NASCAR’s Open Inspections Wouldn’t Do Formula One Much Good
Ross Brawn’s NASCAR-derived idea sounds nice, but it has problems of its own.
Ross Brawn, the managing director of Formula 1, is taking some leaves from the books of other motorsports—and he has been looking at NASCAR's open inspection system as of late, according to Autosport. “At a certain stage of the season you can go and look at someone else’s car and strip it apart and see what’s in it," stated Brawn. The idea is that any cars that have a competitive advantage will not keep that advantage a secret for long, and that any other team can then copy said advantage.
But while this may keep the NASCAR pack close, this advantages of this system do not carry over to Formula 1 well.
First and foremost, NASCAR's technology is not comparable to that of Formula 1. At its simplest, NASCAR cars are a naturally aspirated V8 up front, a driven rear axle, some simple aero, a roll cage, and four tires. The cars are so similar that they make for a borderline spec series. Compare that to Formula 1, where every team shows up with cars so distinct that an astute fan could identify them without their liveries. Suspension, cooling systems, airboxes, barge boards, front wings, and too many other parts to count differ from F1 team to F1 team.

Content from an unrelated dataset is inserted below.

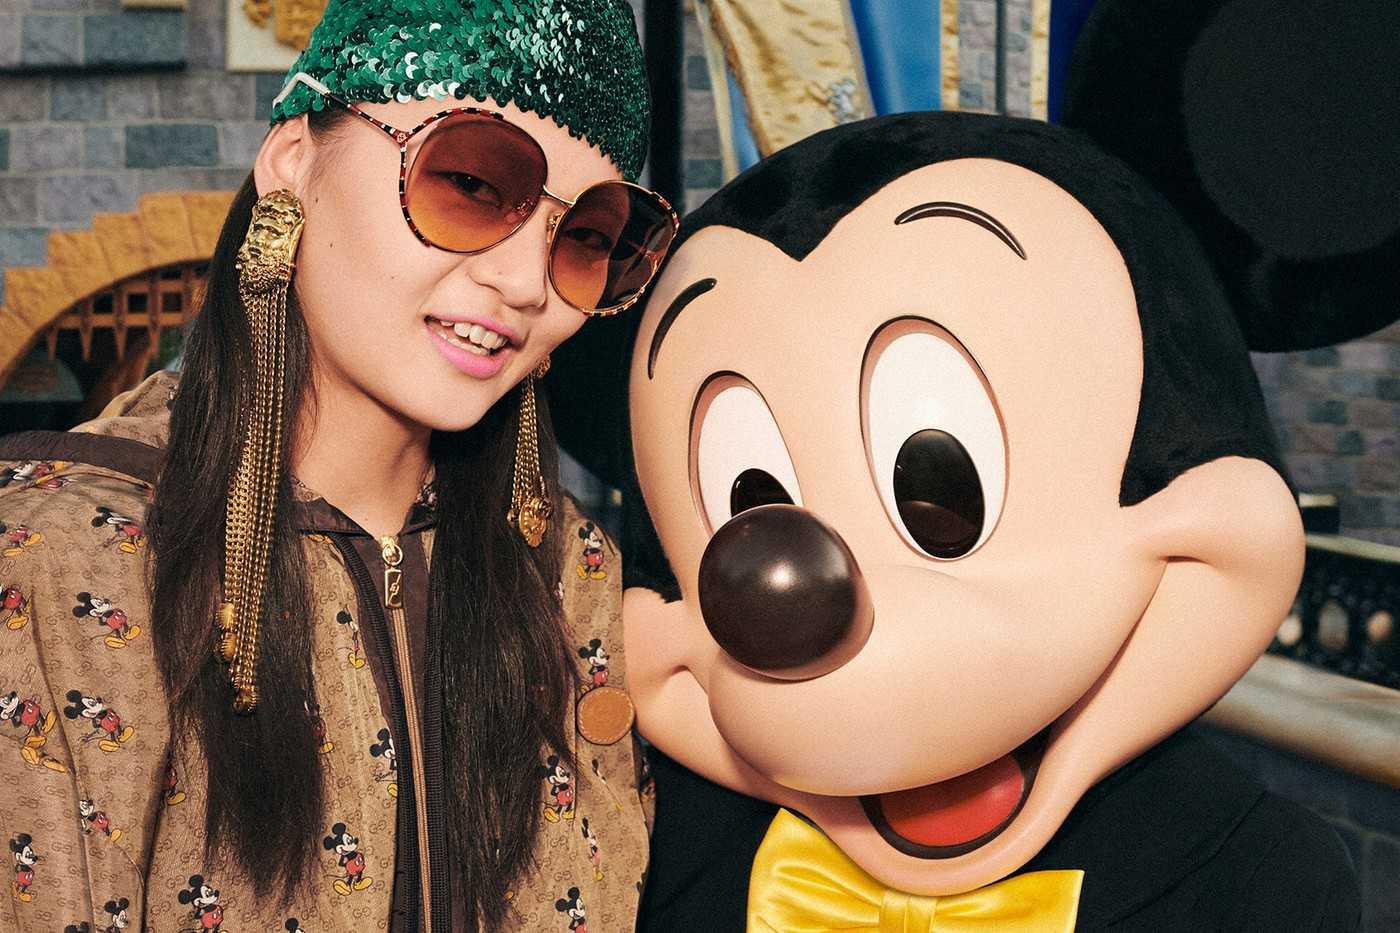 Gucci x Mickye Mouse

Furthermore, ideas that are be simple for NASCAR teams to copy between races could—and likely would—take months for Formula 1 teams. It was considered almost a miracle when it took Renault six weeks to replicate the double deck diffuser designs of the competing Brawn GP, Williams, and Toyota teams in 2009, because the estimated completion time was 12 weeks. Considering how complex modern aerodynamic designs have gotten for Formula 1, it takes teams multiple race weekends to learn enough about their own cars' performances to even know where they need improvement. After that, parts need to be designed, manufactured, and tested.
For an example of the current development rate, one only needs to look at the race this weekend: the Spanish Grand Prix. This year's first Grand Prix took place on the 26th of March, and even with an in-season open test session at Bahrain, teams are only now delivering their first real upgrades of the season, more than six weeks after it began.
If the goal is to bring the backmarkers closer to the frontrunners, such a thing cannot be feasibly achieved during the opening quarter of the season. Due to the amount of time it takes to copy better teams, as established above, only so many open inspection sessions per year could offer tangible benefit to each team. Any open inspections beyond the season's halfway point would be of no use for the current year, and could only serve as a guide for how to design the A-spec version of next season's car.
How much value an open inspection offers is also limited. Much of the external changes to cars already do not go unnoticed, as Formula 1 technical analyst Craig Scarborough has a field day any time new parts are introduced to any car on the grid. No wing, barge board, floor panel, or sidepod change goes unnoticed by Scarborough, who publishes updates on his Twitter account for all to see. He serves as a free resource for all the teams to use already—why waste time sending your engineers to watch the Ferrari or Red Bull get undressed by the FIA scrutineers?
Speaking of the scrutineers, they have failed to notice multiple instances of technologies appearing on cars that occupy holes in the sport's technical regulations. It was only through Scuderia Ferrari's signature politicking that the team managed to level the playing field in the 2017 preseason, by getting hydraulic suspension components that Red Bull and Mercedes were suspected to have been using banned. Likewise, an inquiry by Red Bull over a suspicion that Mercedes may be maintaining their engine power advantage by burning oil seems to have brought the Ferrari and Mercedes engines on par with each other. (In spite of Mercedes denying using this loophole, Dutch Formula 1 commentator Olav Mol claimed certainty that they were, in fact, guilty as charged.)
If all these technologies can make it past the FIA without a second look, what hope do rival engineers spectating at an inspection have of picking up on the advantages of their competitors?
It could be argued that active Formula 1 engineers would be better suited to figuring out where their opponents have a leg up on them than the scrutineers do, and the political games played by Ferrari and Red Bull described above support this. But the FIA has hand-picked their scrutineers, so these technologies getting past inspection is probably not due to incompetence.
All together, the benefits of open inspections in Formula 1 may be too limited for the sessions to be worthwhile. They may yet be of some use to lagging teams like Sauber...but we cannot truly know unless Brawn decides they are worth trying.